| Provided data |
* * * * * * *

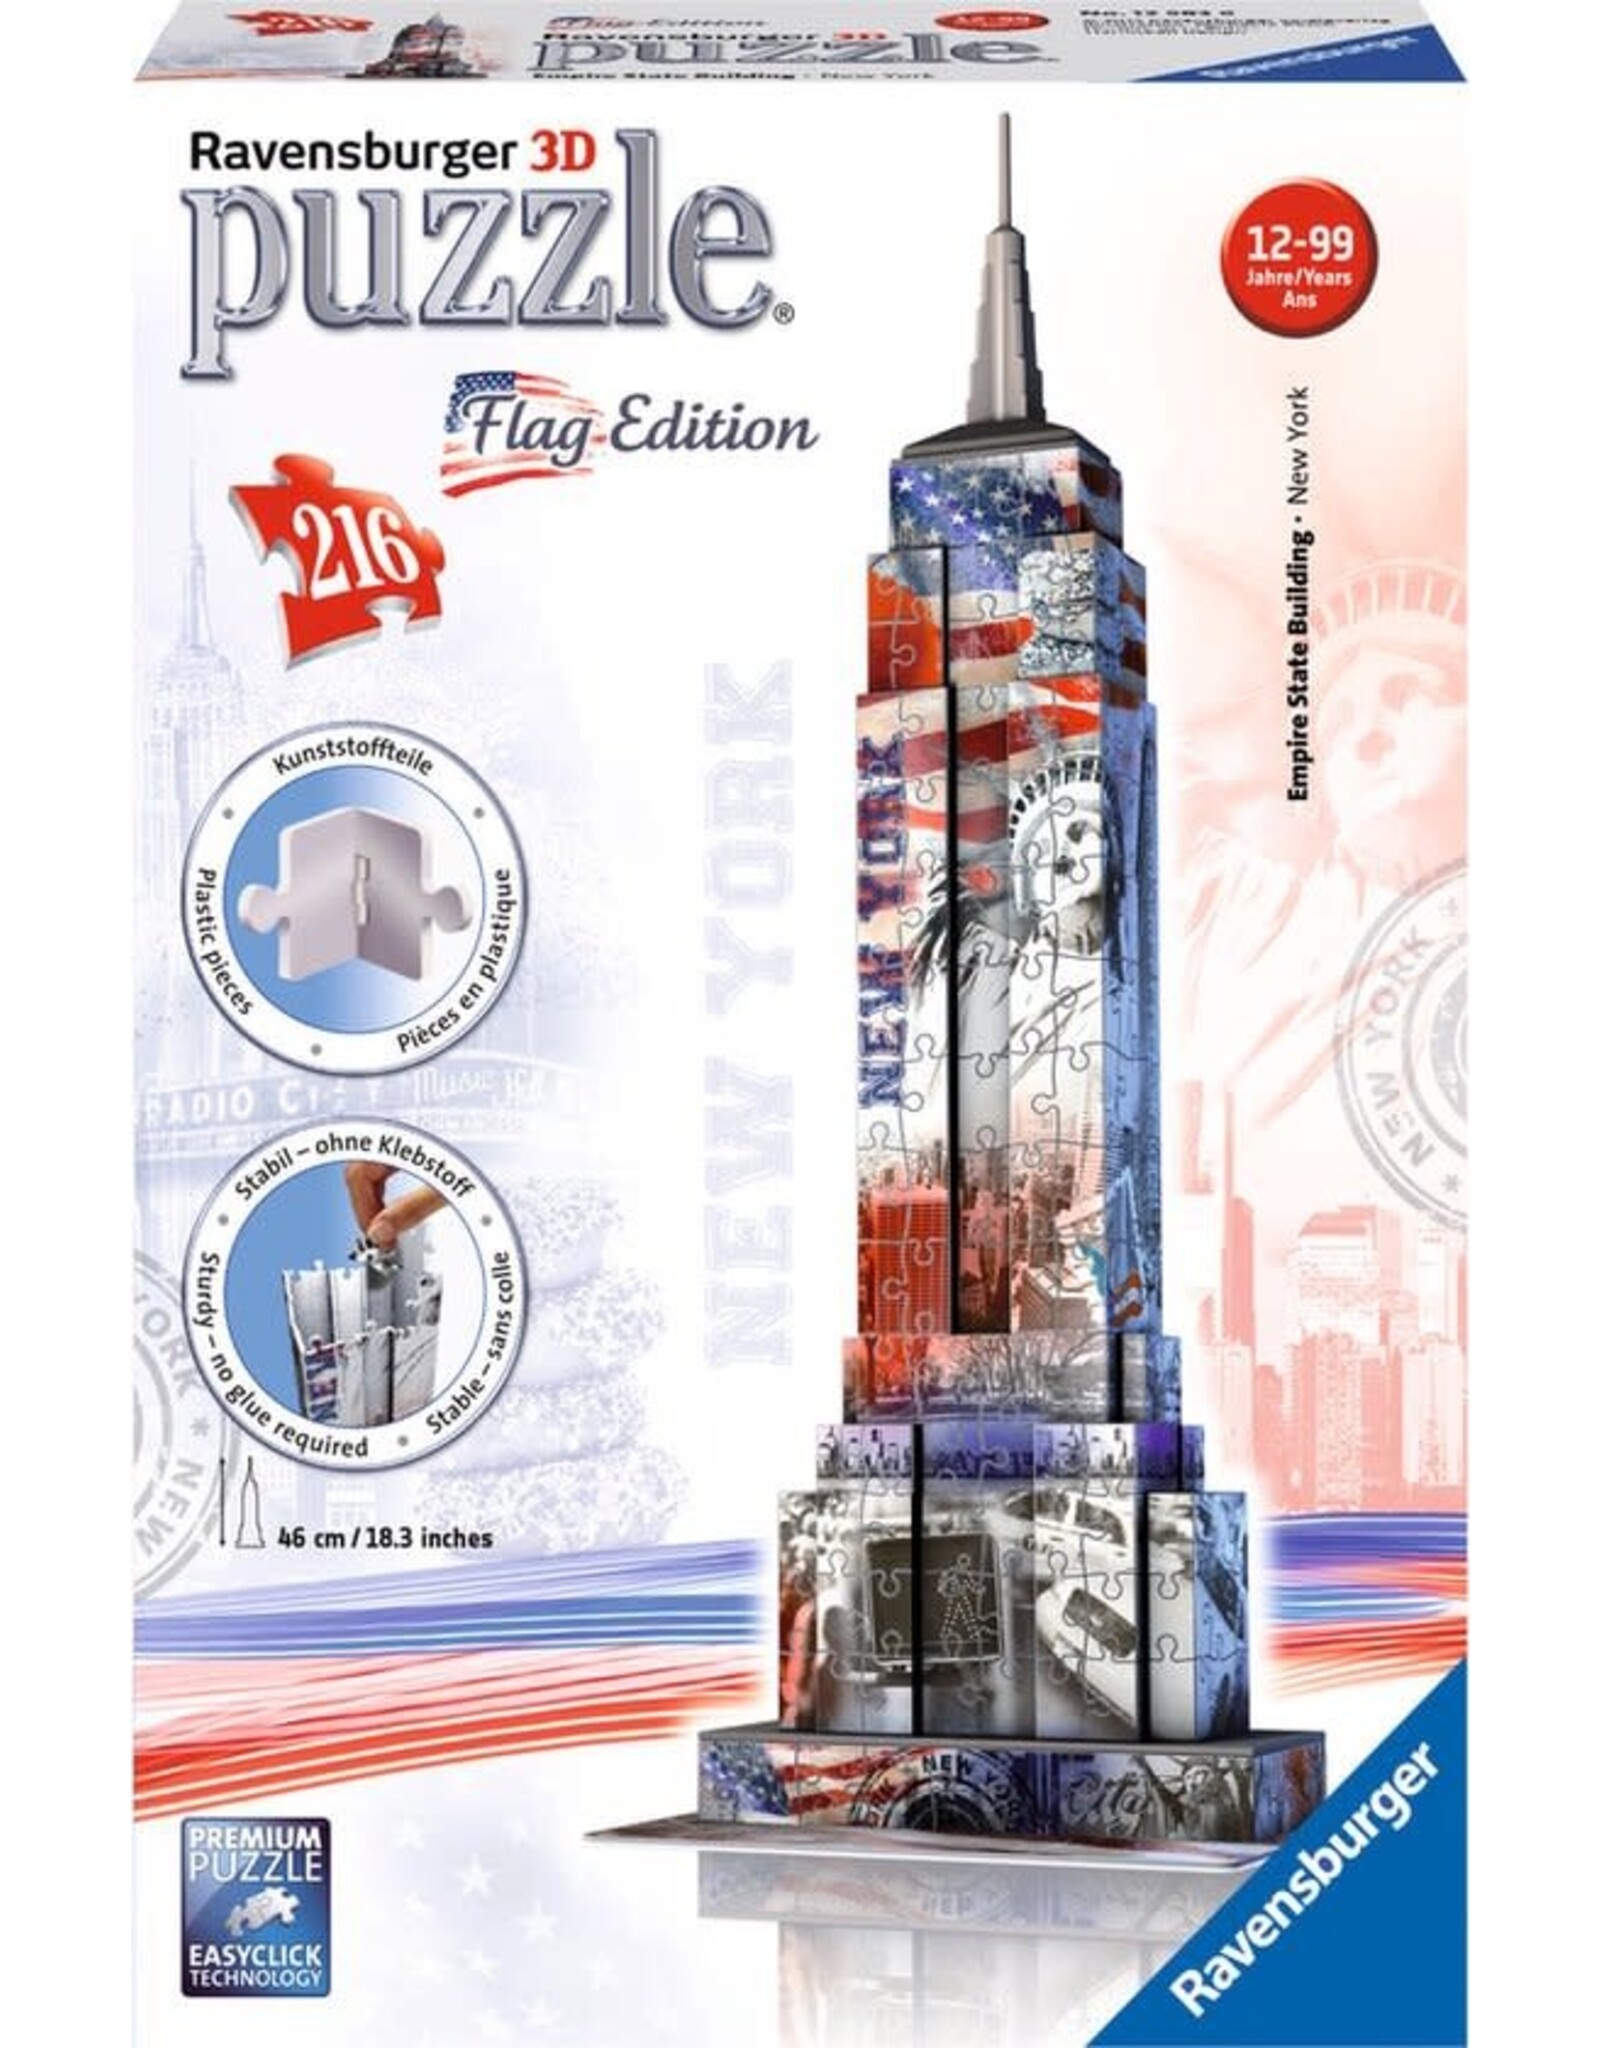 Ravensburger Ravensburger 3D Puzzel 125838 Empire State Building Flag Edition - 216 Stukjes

* * * * * * *

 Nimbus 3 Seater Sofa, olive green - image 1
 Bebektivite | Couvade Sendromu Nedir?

* * * * * * *

| Brief |
Out of the data above, give again only the lines starting at the one holding "Nimbus 3 Seater Sofa, olive green - image 1" and ending at the one holding "Bebektivite | Couvade Sendromu Nedir?", unchanged.

| Output for this task |
 Nimbus 3 Seater Sofa, olive green - image 1
 Bebektivite | Couvade Sendromu Nedir?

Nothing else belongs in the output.